REFOCUSING ADS FOR AGING BABY BOOMERS

Efforts to interest advertisers, agencies and the media in older consumers are being redefined to make the older audience younger. For almost two decades, there have been initiatives aimed at burnishing the image of consumers in their 60s and 70s to counter perceptions of them as tradition-bound tightwads.

Those attemps have made some headway, giving high-fiber cereals and decaffeinated beverages more prominence, for example.

That reinterpretation seeks to revitalize the market by including the baby-boom generation, the 76 million Americans born from 1946 through 1964 who are turning 50 at a rate of one every seven to eight seconds.

The boomers are notoriously Peter Pan-like in refusing to grow old and by 2000, they will have twice the discretionary income of those who are 18 to 34.

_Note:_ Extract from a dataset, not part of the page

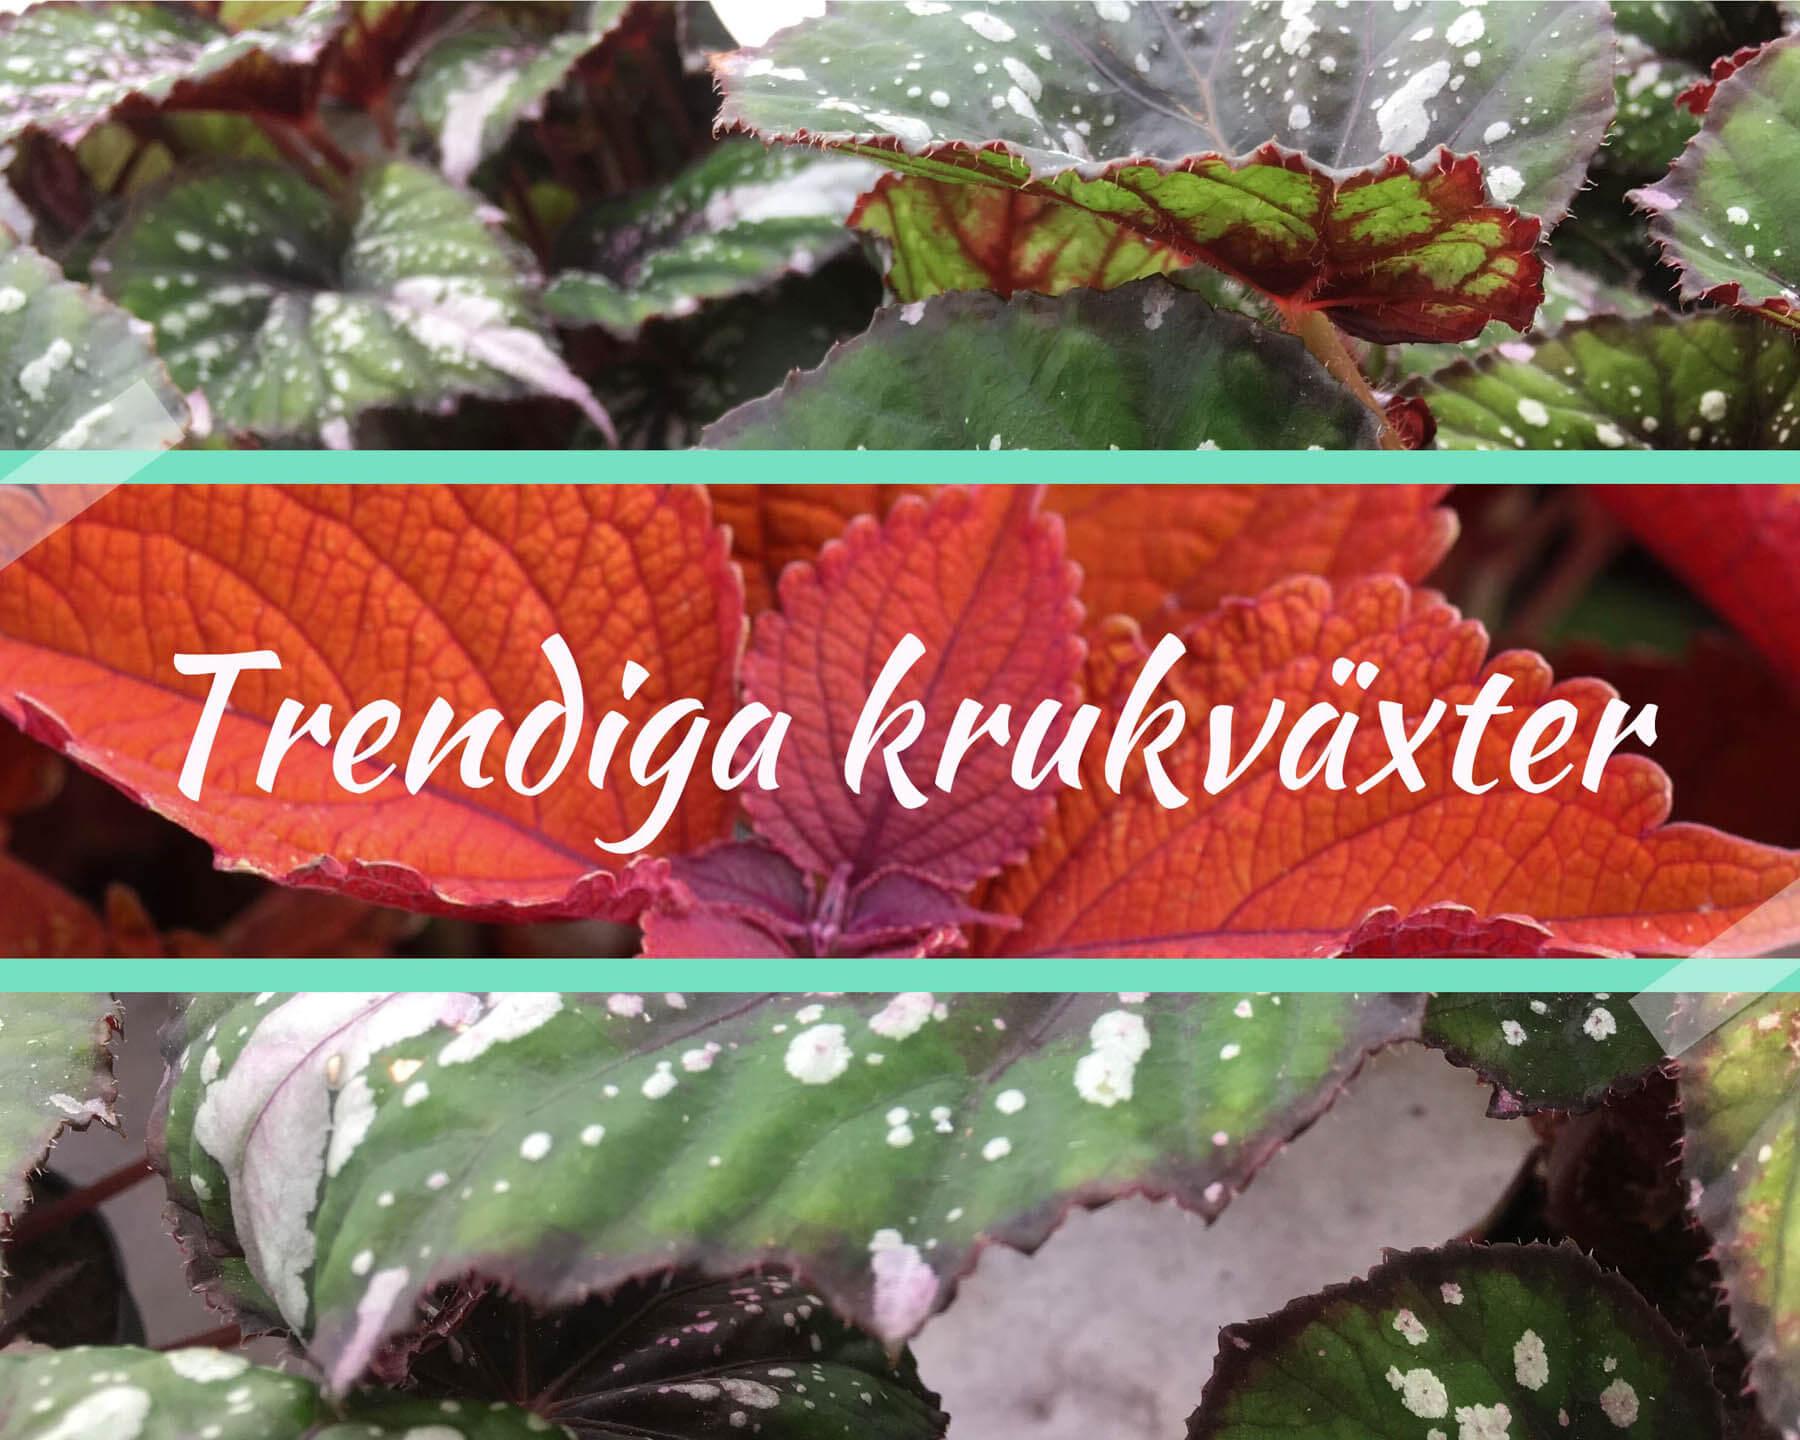 Trendiga krukväxter, Rexbegonia, Palettblad.
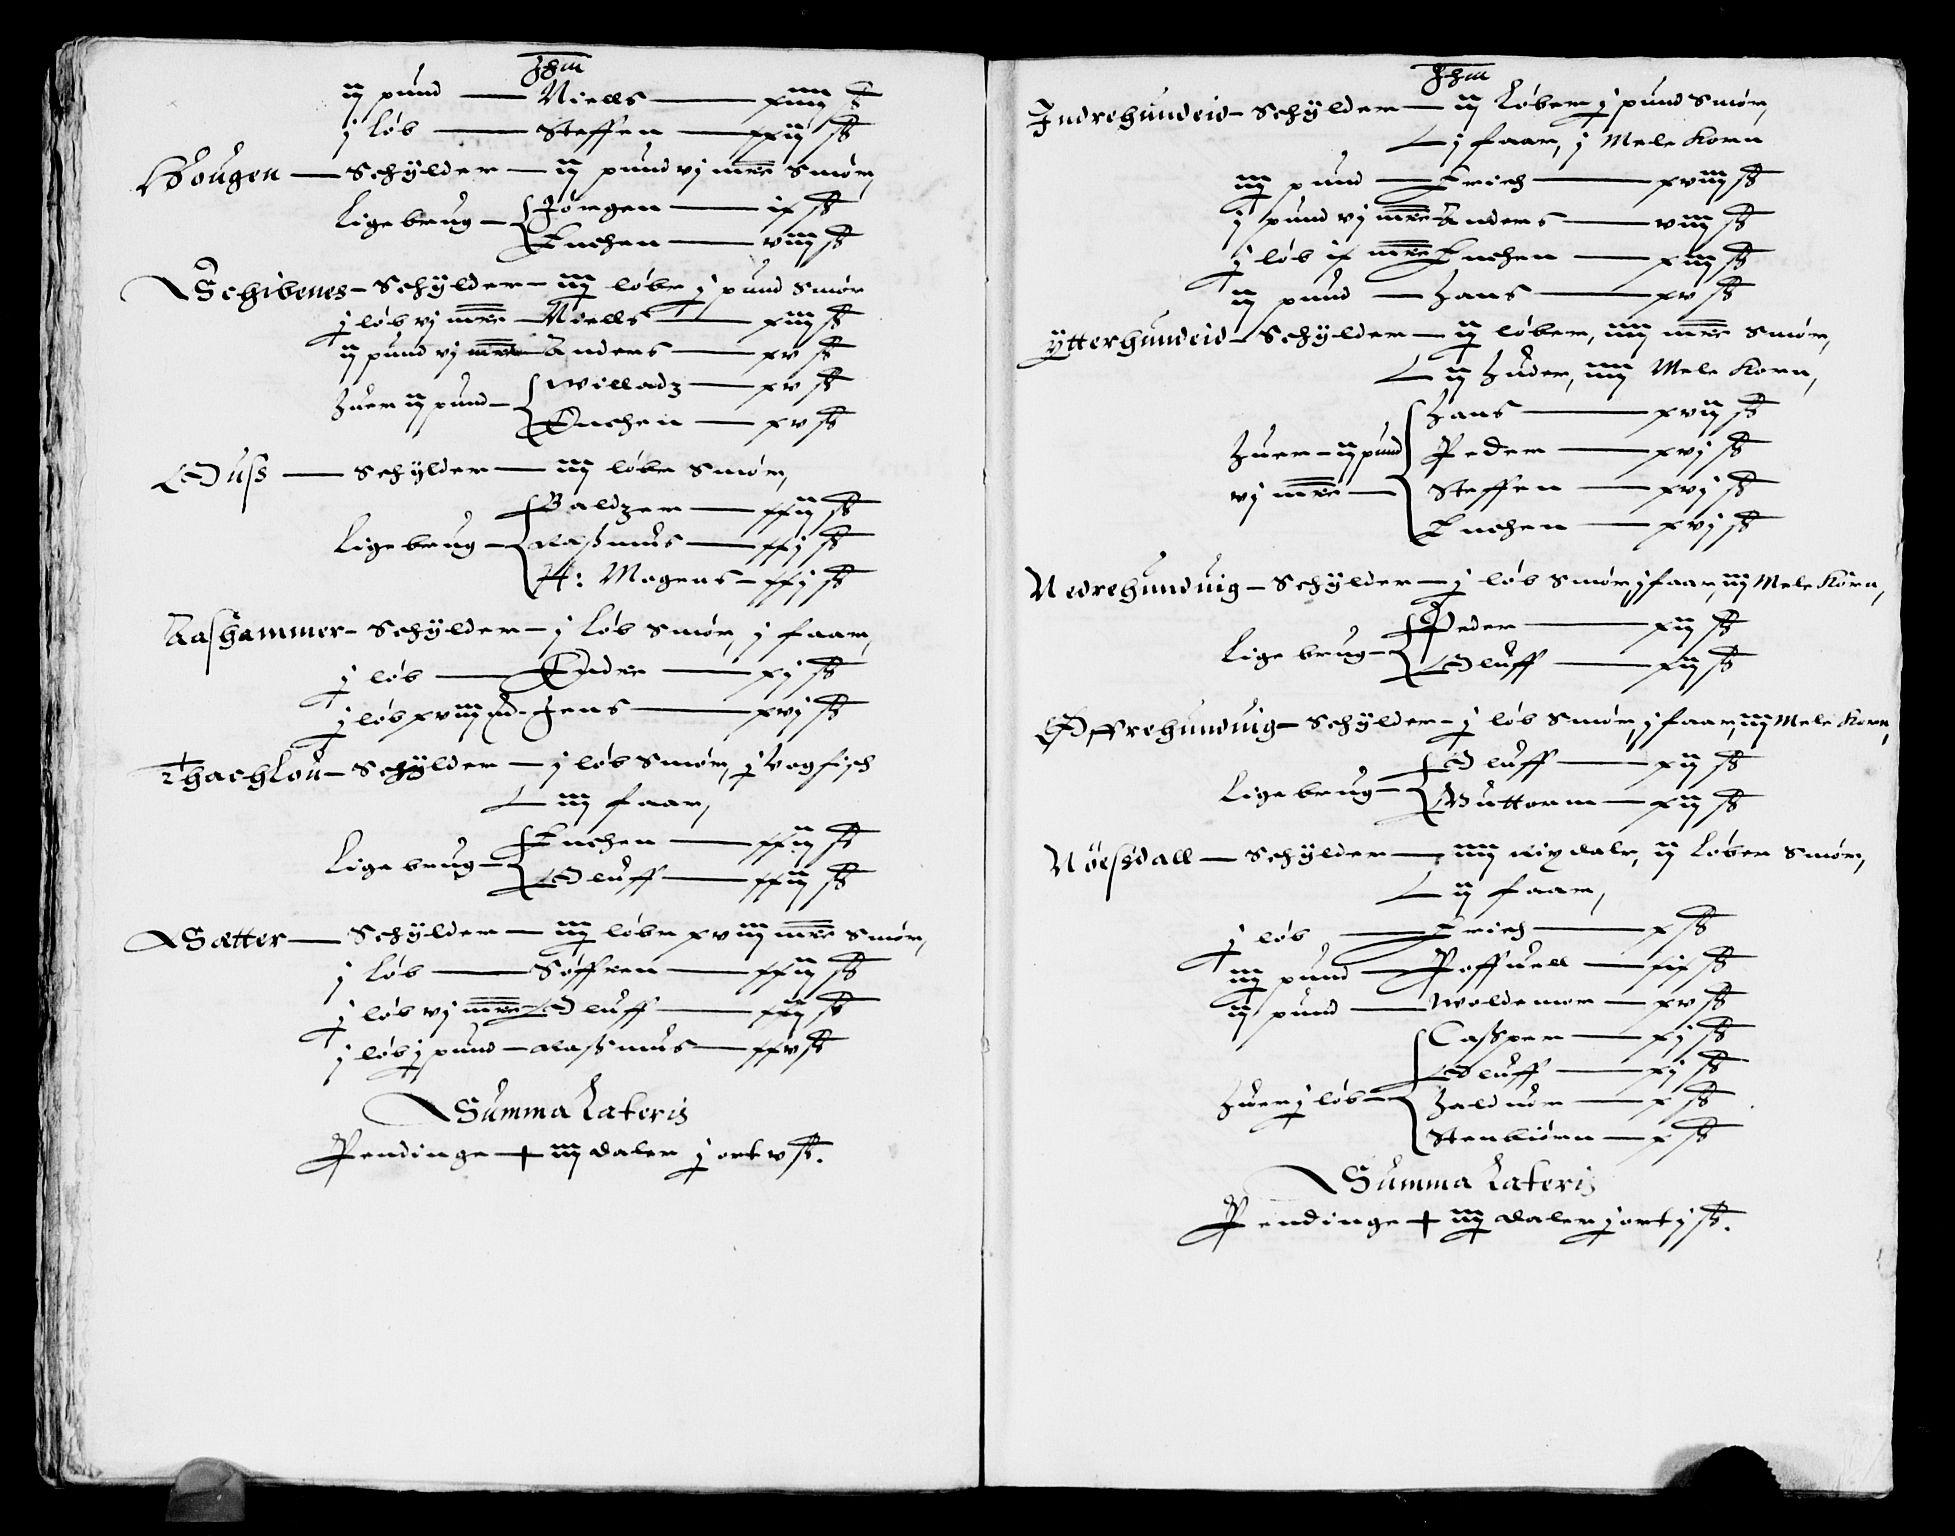 RA, Rentekammeret inntil 1814, Reviderte regnskaper, Lensregnskaper, R/Rb/Rbt/L0083: Bergenhus len, 1638-1639

One print ad begins :" How could you know, when you were 20 and impossibly sexy and unable to imagine yourself otherwise, that time would teach you something. That age is not a loss but an exchange of wisdom for youth, grace for foolishness, love for lust."

The contrast between the younger old and the older old will be even more pronounced among women because when a woman turns 55 now, she will have for the most part worked. She will be proficient. Nobody will push her around.

The baby boomers have established the cultural and social agenda of this country since they were in school. They are not going to concede that leadership position as they break 50.